A study published in the journal Science uses a global experiment and predictive modeling to illustrate how human impacts to aquatic ecosystems are contributing to the global climate crisis.
Oakland University Biology Professor Scott Tiegs co-led the study, along with Professors Krista Capps, from the University of Georgia, and David Costello from Kent State University.
The study estimates rates of organic-matter decomposition in freshwater ecosystems (a source of carbon emissions) across the world, including areas such as the tropics that have been underrepresented in prior studies.
The researchers collected field data from sites around the world and used predictive modeling and machine-learning algorithms to fill in those gaps. The field study involved 550 rivers around the globe. More than 150 researchers in 40 countries contributed samples using a standardized field assay based on the decomposition of small pieces of cotton fabric.
“Through a large, collaborative effort using a standardized, experimental approach, we were able to generate the first estimates of decomposition rates in streams throughout the world, including understudied areas such as the tropics,” said Capps. “Integrating experimental data collected at such a large scale with modeling is a powerful approach to examine global patterns in important ecological processes like decomposition.”
Researchers created a color-coded map to illustrate organic-matter decomposition rates around the world. |
The study reported the highest decomposition rates among densely populated, agricultural areas, including parts of the United States (particularly the Midwest), Europe and Southeast Asia. Agricultural and urban runoff, the authors point out, is a major contributor to the increase in carbon emissions responsible for climate change.
“When we think of greenhouse gas emissions, we tend to think of tailpipes and factories, but a lot of carbon dioxide and methane can come from aquatic ecosystems,” said Tiegs. “This is a natural occurrence, but when humans add nutrient pollution (like fertilizer) to fresh waters and elevate water temperatures, we increase the decomposition rates and direct more CO2 into the atmosphere.”
One of the study’s key takeaways is that humans are impacting decomposition rates in rivers on a global scale – a finding illustrated by the maps presented in the study.

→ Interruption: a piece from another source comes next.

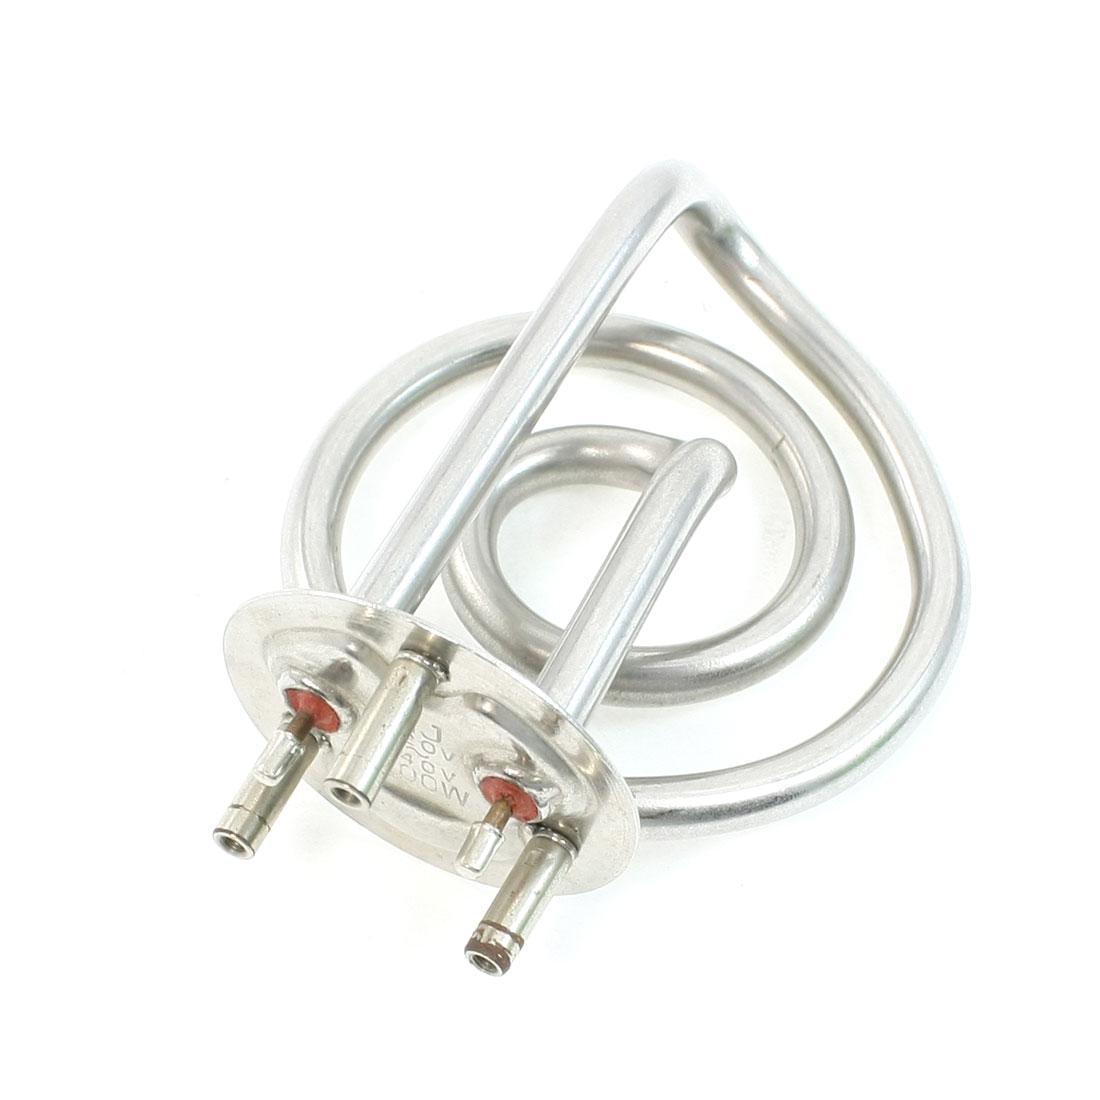 7.5cm Dia Bundle Electric Tubular Water Heater Element 220V/240V 1200W

These maps are also freely accessible through a website built by the authors.
“The online mapping tool lets anyone see how fast we think different kinds of leaves will decompose in their local rivers,” said Costello. “Even if no researcher has made measurements in a river, we have an estimate for how fast leaves should decompose.”
Using predictive modeling, the researchers also identified key environmental variables responsible for increased decomposition rates, notably temperature and nutrient concentrations.
The primary variables driving decomposition rates are impacted by human activities, such as nutrients and temperature. The authors noted that reducing human impacts on decomposition will keep more carbon in rivers, preventing it from being released into the atmosphere as CO2.
“We need to minimize human impacts on fresh waters to more effectively manage our global carbon cycle.” said Tiegs.